Reverse transcription-PCR analysis of NSE mRNA expression in HUMSCs treated with different concentrations of progesterone in medium containing brain tissue extracts

Passage 3 cells were seeded in 25 cm flasks at a density of 1 × 106. To determine the effect of progesterone on neuronal differentiation, progesterone (0.1, 1, 10 µM; Sigma, St. Louis, MO, USA) was added to medium containing brain tissue extracts. After 3 days of progesterone treatment, total RNA was extracted with Trizol reagent according to the manufacturer's instructions (Invitrogen, Carlsbad, CA, USA). Reverse transcription-PCR was carried using the following primers:

The PCR program was set up as follows: 94°C for 5 minutes, 30 cycles (94°C for 30 seconds, 54°C for 30 seconds, 72°C for 30 seconds), and 72°C for 10 minutes. The PCR products were separated on a 1.5% agarose gel containing ethidium bromide. Quantification of DNA bands was performed using an analytical imaging system. All measurements were normalized to the relative absorbance of the GAPDH band[3334].

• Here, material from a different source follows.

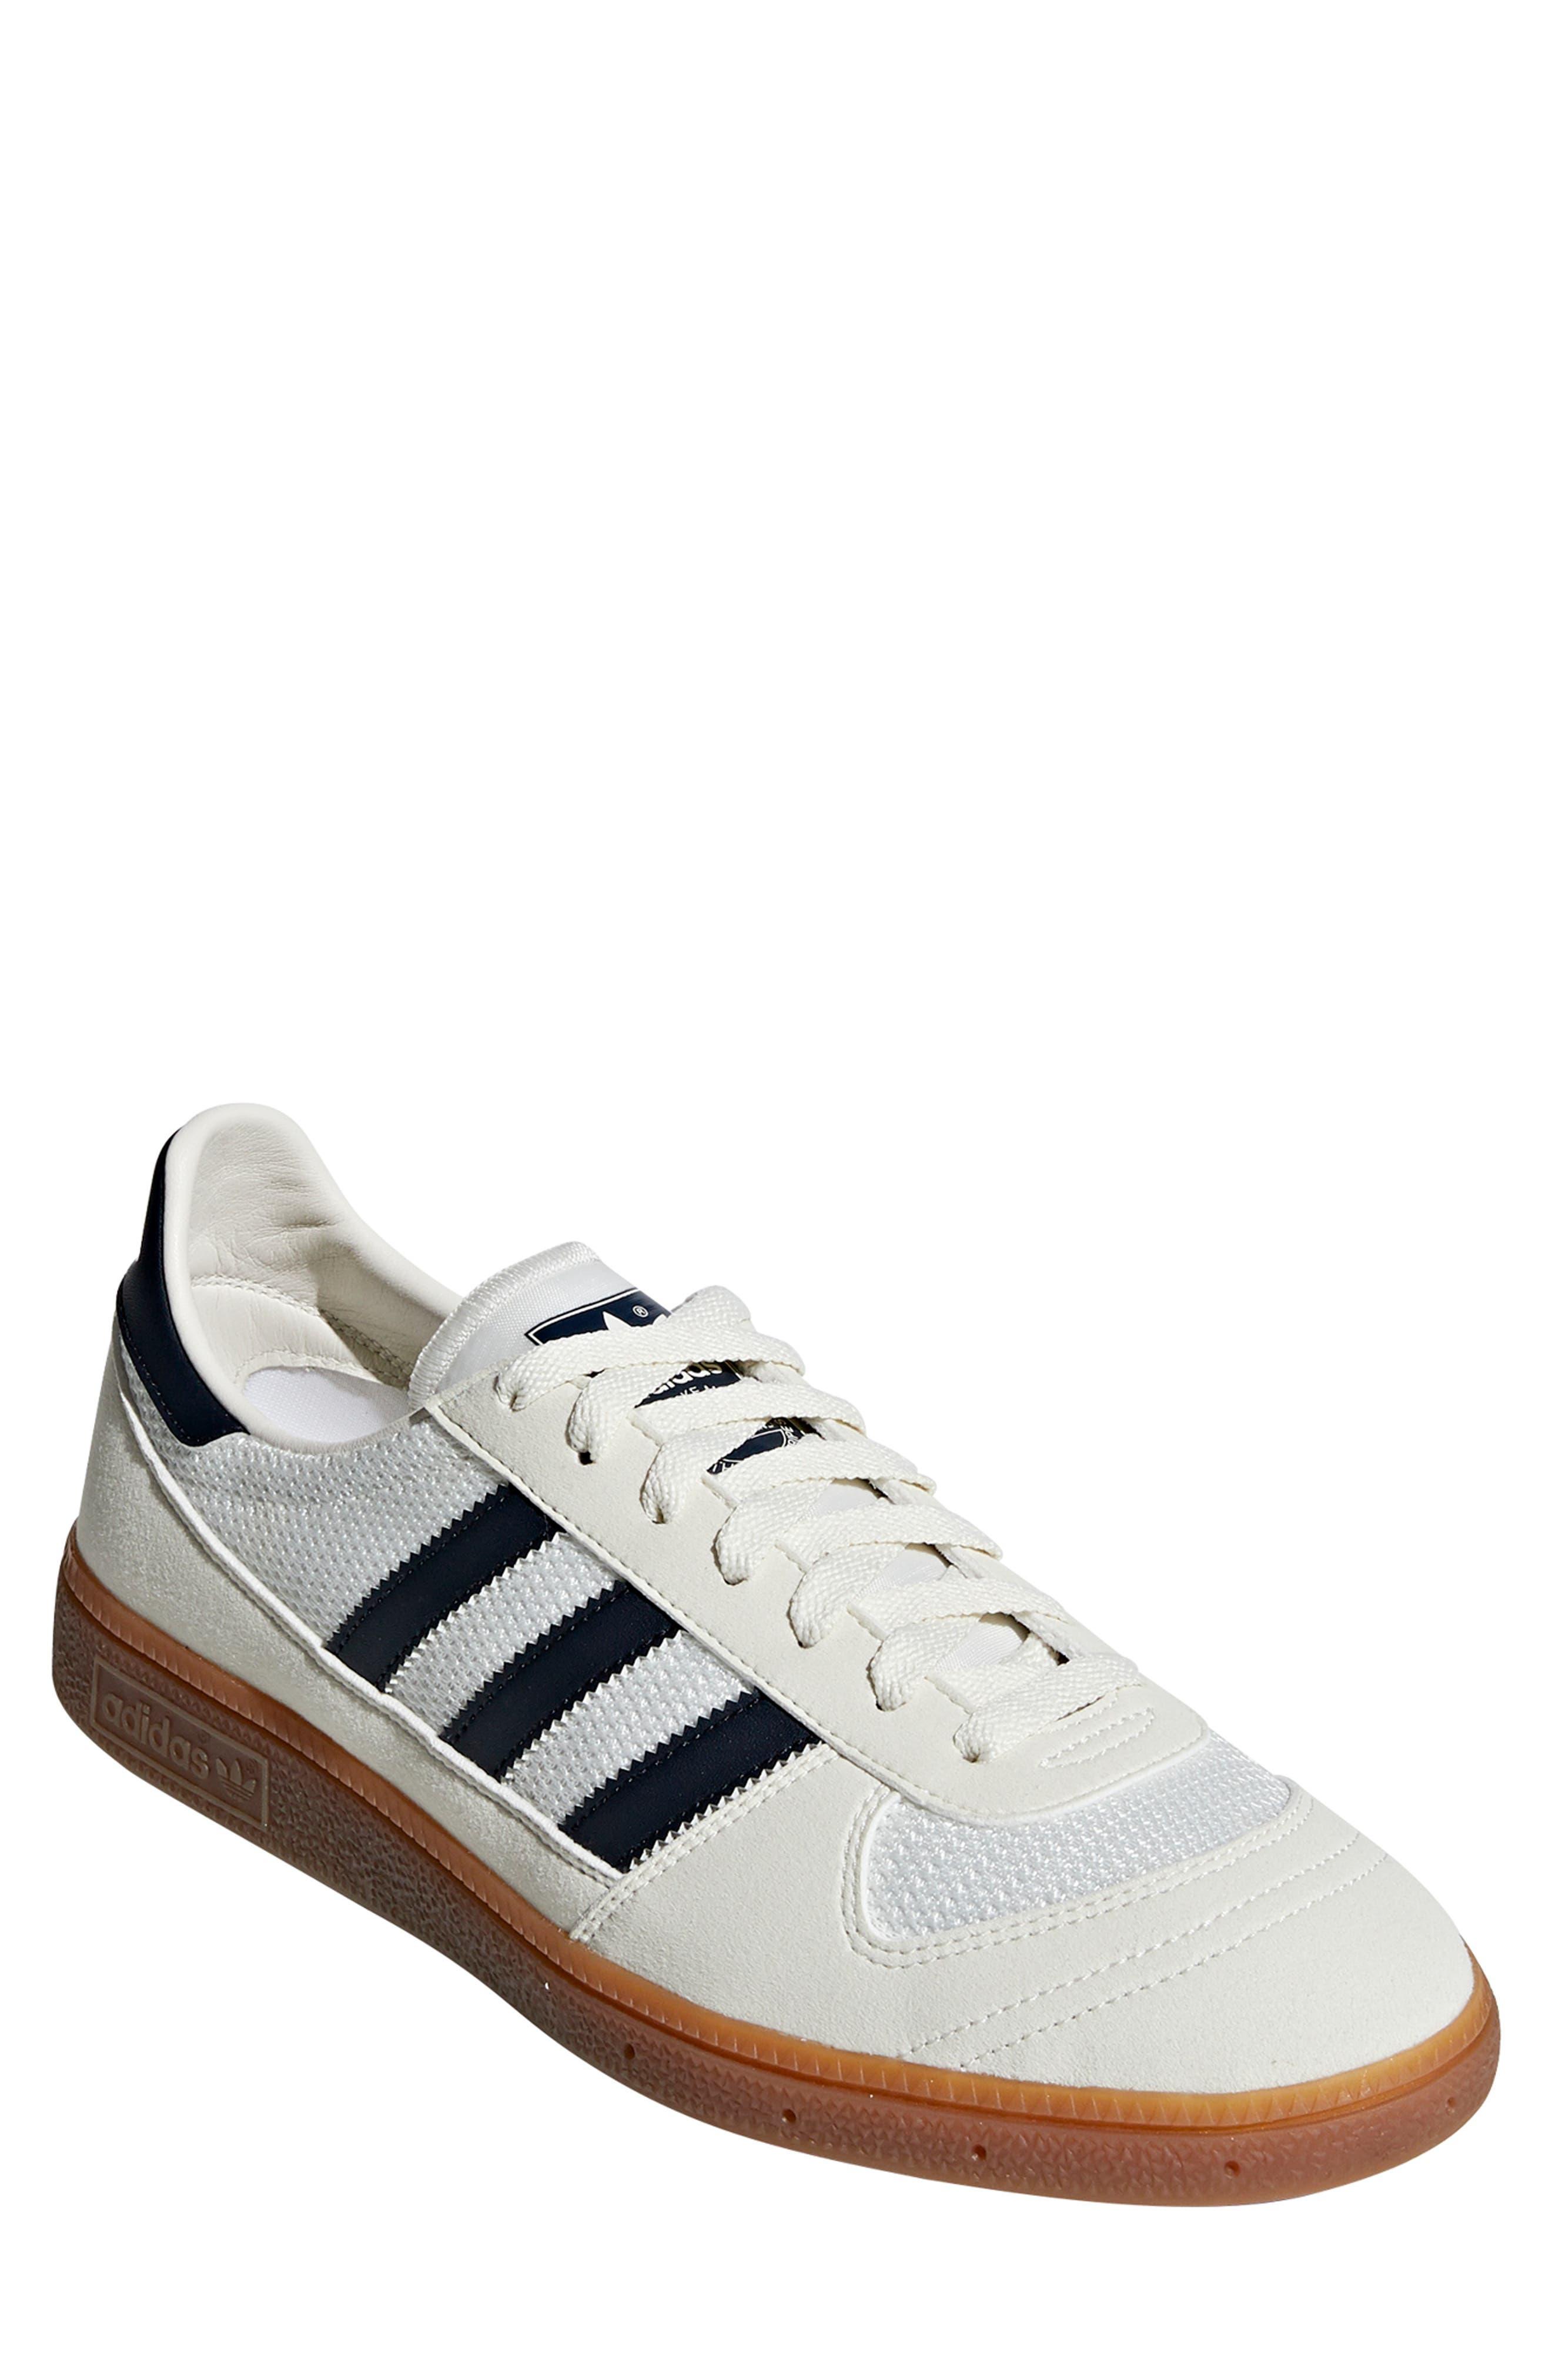 Wilsy SPZL Sneaker,                         Main,                         color, OFF WHITE/ NIGHT NAVY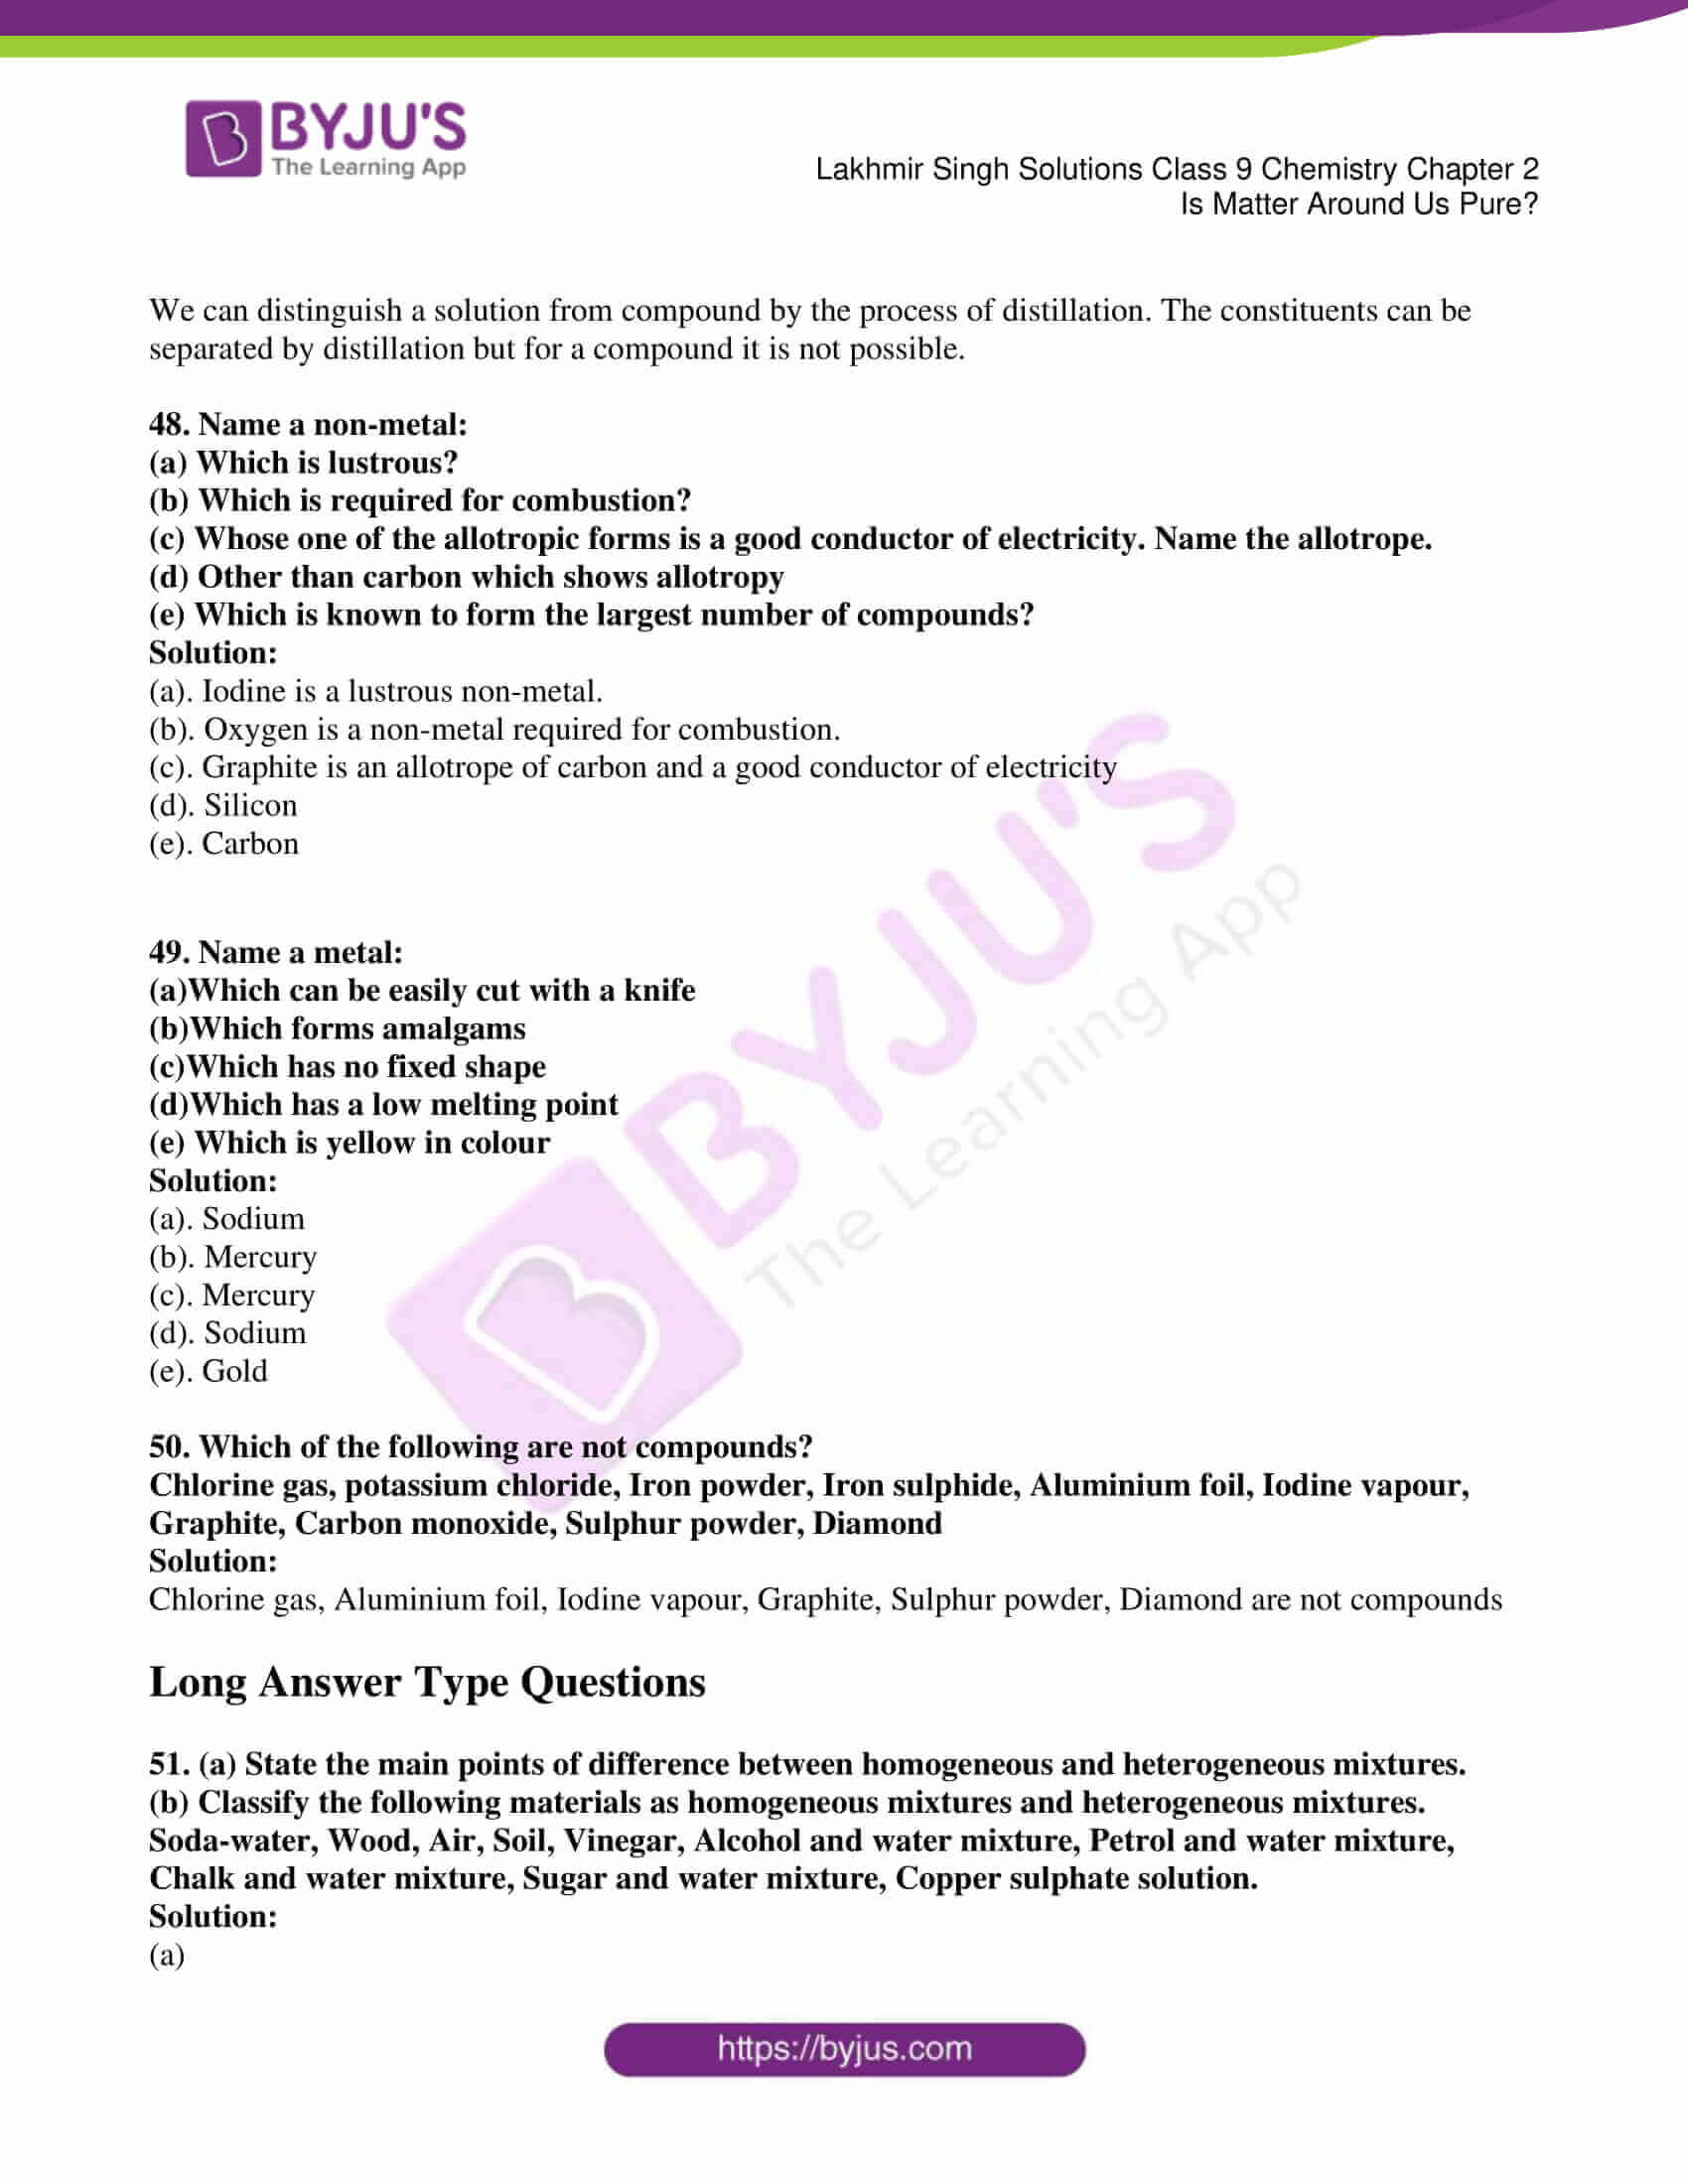 lakhmir singh solutions class 9 chemistry chapter 2 08

Detection of NSE positive cells by flow cytometry

Passage 3 HUMSCs were cultured in medium containing brain tissue extracts with or without 1 µM progesterone. After 3 days, the cells were digested with 0.25% trypsin, rinsed with PBS, fixed with 4% paraformaldehyde, and premeabilized with 0.01% Triton X-100. The cells were incubated with a rabbit anti-human monoclonal primary antibody to NSE (1:100; Abcam, Cambridge, UK) for 1 hour at 37°C, and then with phycoerythrin-labeled goat anti-rabbit IgG (1:1 000, Multisciences, China) for 30 minutes at room temperature. The labeled cells were detected by flow cytometry[35].

Statistical analysis

Data were presented as mean ± SD. Statistical analysis was performed using two-sample t-test. A level of P < 0.05 was considered statistically significant.